For those unfamiliar with soapmaking, it is a simple but artistic process of adding NaOH (lye, or, caustic soda, aka sodium hydroxide) to water (or whatever liquid one chooses), then adding that to oil, stirring like a madwoman, then pouring the liquid into moulds of some type. The countless variations vary from peculiar (breast milk soap can be made, for example, although I can't begin to imagine the market for that. Or the marketing) to the most complicated and gorgeous concoctions marrying delicious scents with rainbow colours.
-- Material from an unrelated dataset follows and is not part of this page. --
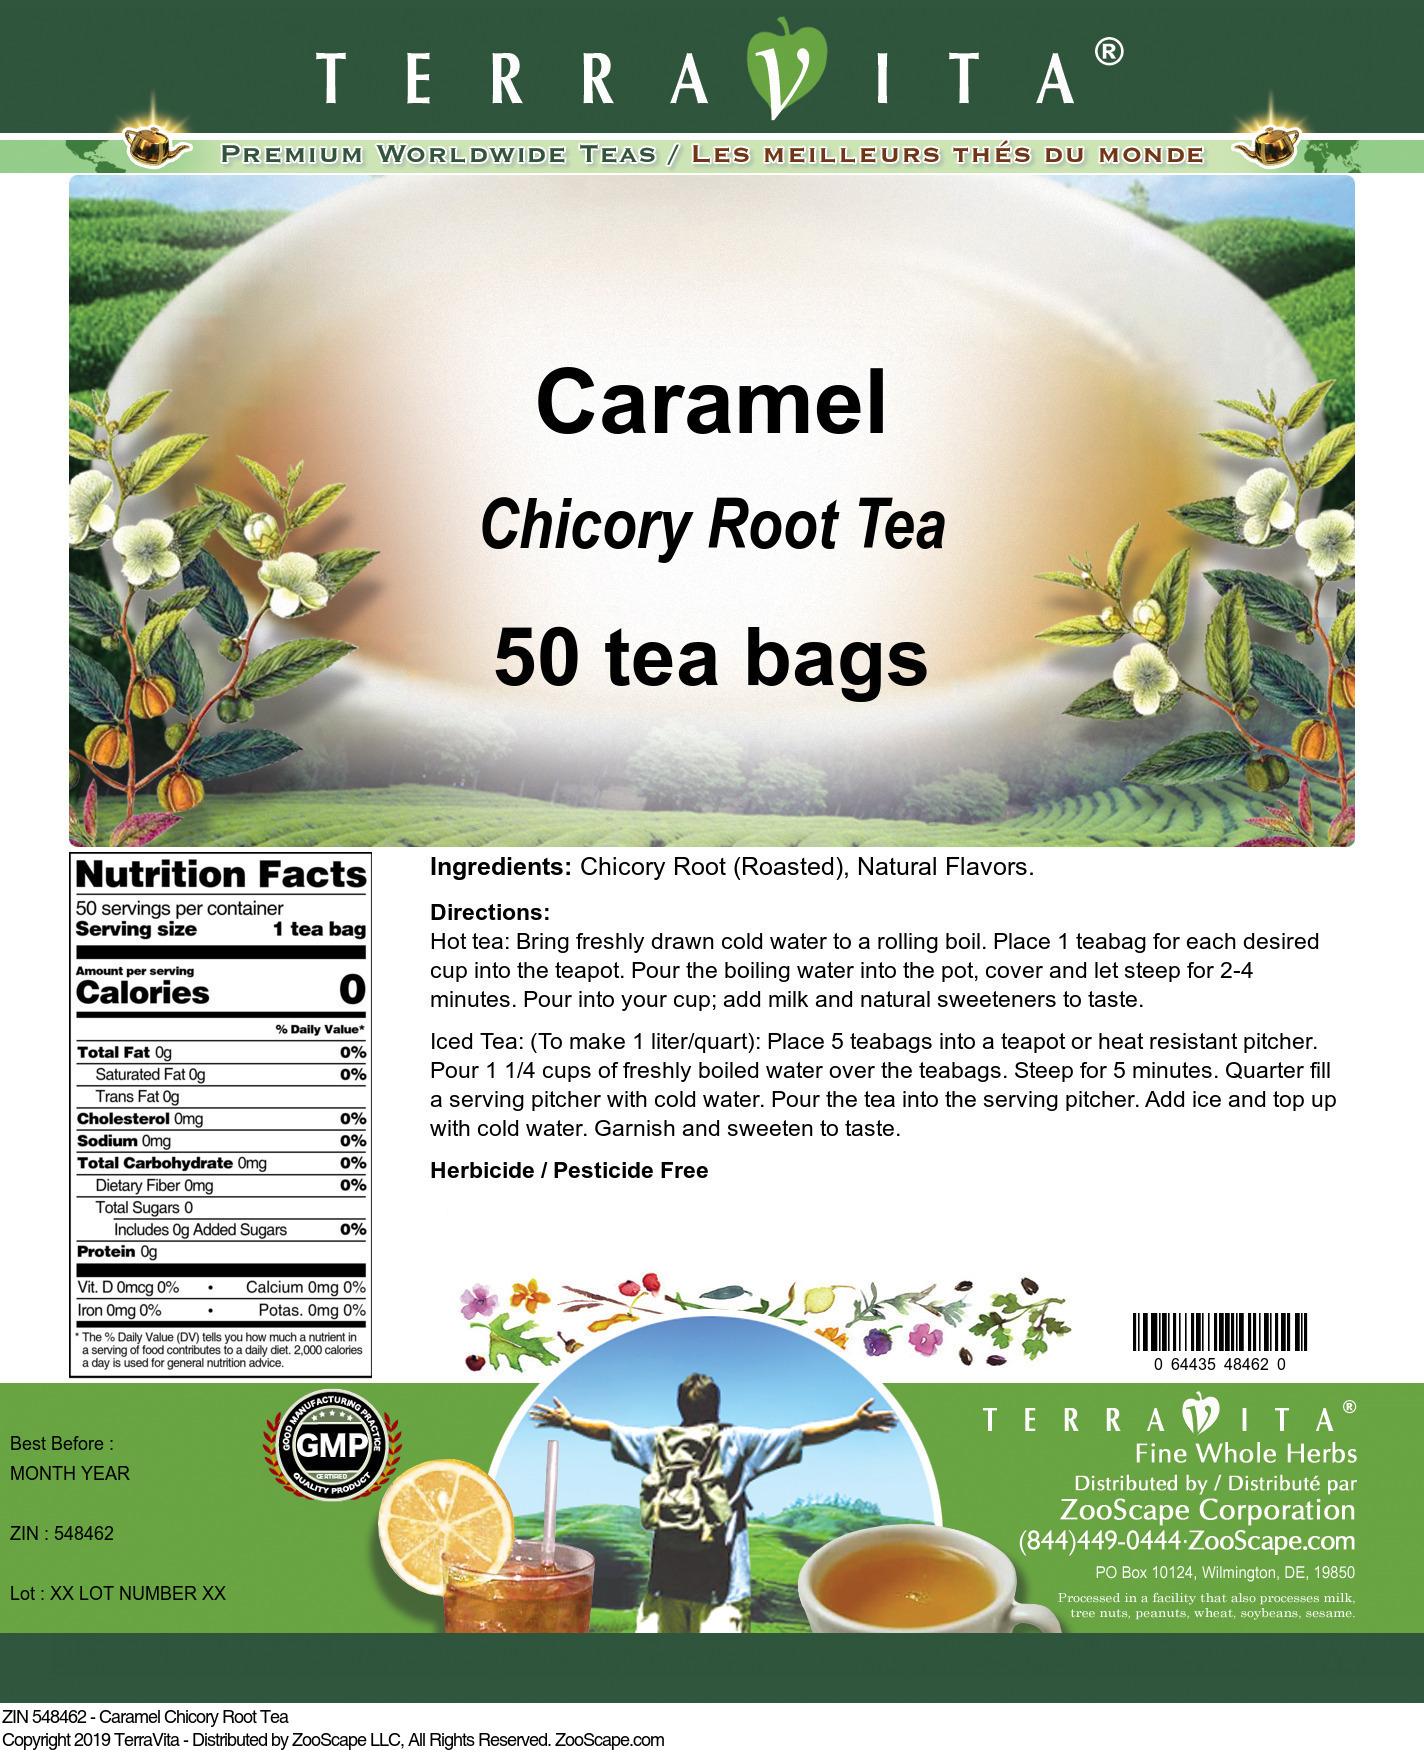 Caramel Chicory Root

For me, though, soapmaking is primarily to keep unnecessary ingredients/potions off my skin--which has proven to be my best skin-care tip ever--and when I control every aspect of my soap's production I avoid a lot of troubled skin. Bonus! So if I pass on soap to you--don't expect bright colours (those are dyes, and can be a lot of fun for creative purposes but my skin doesn't like them). And when you lift a block, bar, or cake to your nose (very first reaction of EVERYBODY when looking at soap) it will be unusual if you smell strong, flowery or perfumey scents, because I use essential oils and not artificial fragrances. And for essential oils to survive the reaction that creates mild, pure soap, you'd have to use an enormous quantity, with a few exceptions (peppermint, patchouli, lemongrass etc.) And essential oils are very expensive to use, for very faint final results. Nonetheless, I like them.
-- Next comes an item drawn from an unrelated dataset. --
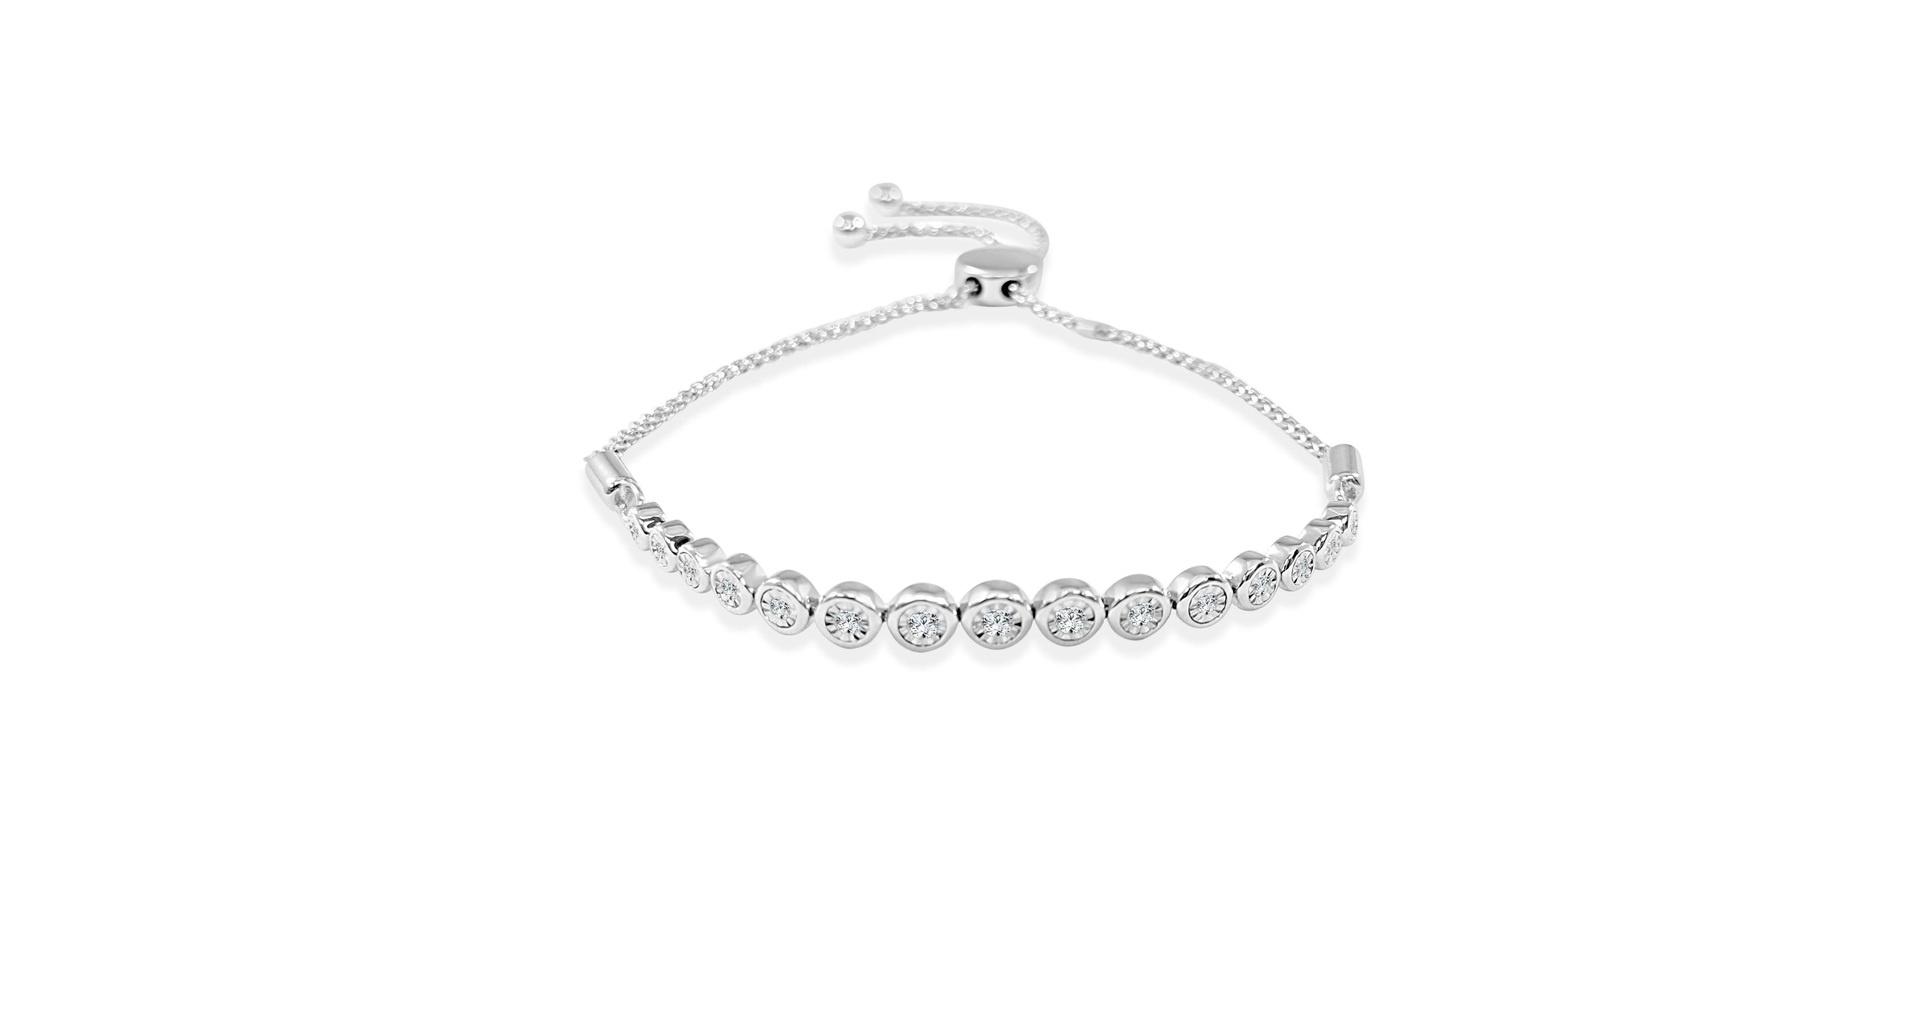 Diamond Bolo Bracelet

I also love the nostalgia factor of soapmaking. That's probably why I prefer big rustic blocks in the style of Savon de Marseille, with its "72% Olive" stamp on it. I also love how they warp as they cure.




3 comments:

Nat said...

It's all fun until someone gets soap in their eye! At what stage of production was the errant splash? Did you have to follow it with a vinegar eyewash?

I have a somewhat-related question. The Winter bar (castille) you sent me lather up with a very distinctive blue-grey foam. What gives? The bar itself is a neutral beige. It smells lovely, and is so strongly scented that I can still smell it on me 9 hours after the shower! It's lovely.

Debra said...

weird! I have the same bar by the sink in the bathroom and I've not noticed that. I even took my soapy hands to the window for a better look. Could it be reacting to something in your water?

fortunately the splash happened at a later stage, all in their little moulds and I decided to bang the mould a bit to get rid of air bubbles. so I did...

Anonymous said...

I'm thinking it's a reaction to my water, too! blue suds are still there, even as the bar dwindles.